PROBLEM DETAILS →
For the data below, retype word for word the lines from the one containing "If we do not" through the one containing "VEGGIEPON: For all"; drop the pictures.

SUPPLIED ENTRIES →
☆ ☆ ☆ ☆ ☆

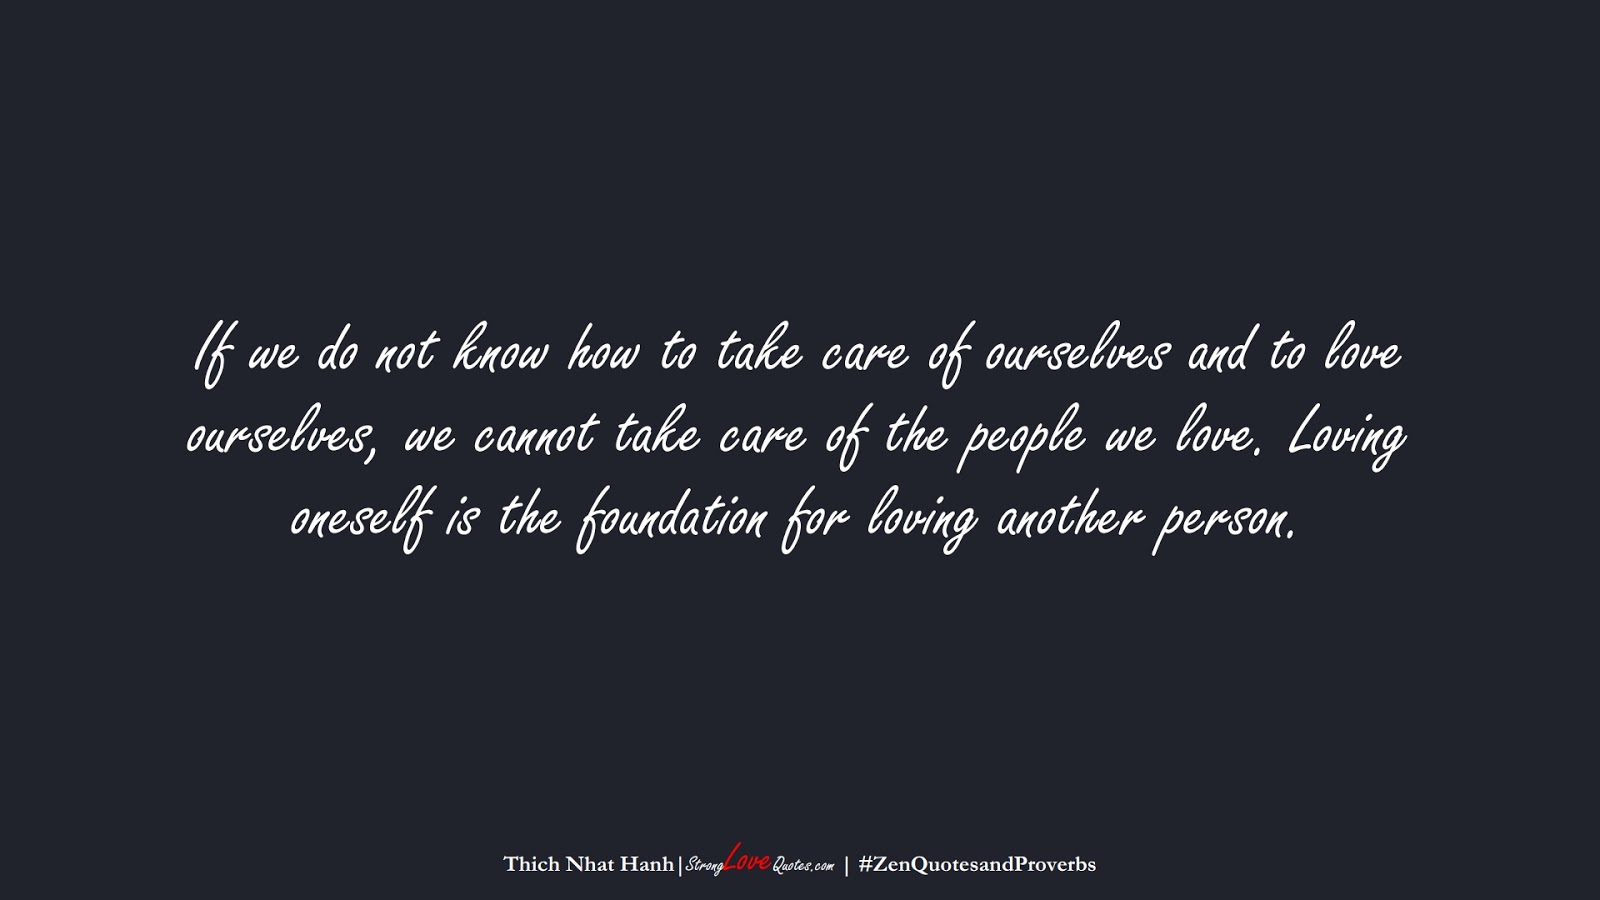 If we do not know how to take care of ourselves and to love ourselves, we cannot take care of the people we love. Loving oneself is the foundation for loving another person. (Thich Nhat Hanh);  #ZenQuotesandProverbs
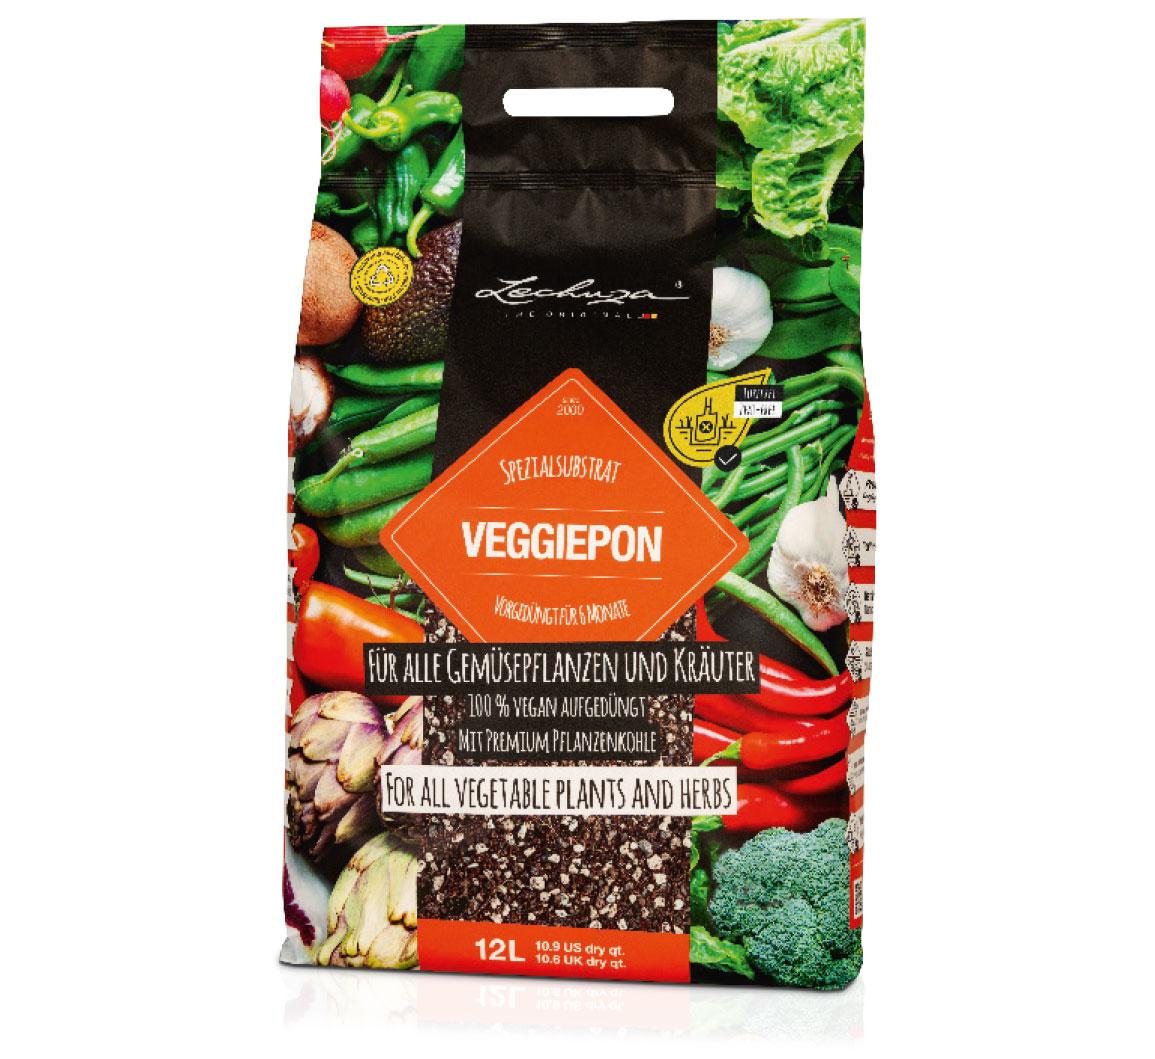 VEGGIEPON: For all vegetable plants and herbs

☆ ☆ ☆ ☆ ☆

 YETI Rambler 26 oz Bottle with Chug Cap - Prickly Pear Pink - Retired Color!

☆ ☆ ☆ ☆ ☆

WORKED SOLUTION →
 If we do not know how to take care of ourselves and to love ourselves, we cannot take care of the people we love. Loving oneself is the foundation for loving another person. (Thich Nhat Hanh);  #ZenQuotesandProverbs
 VEGGIEPON: For all vegetable plants and herbs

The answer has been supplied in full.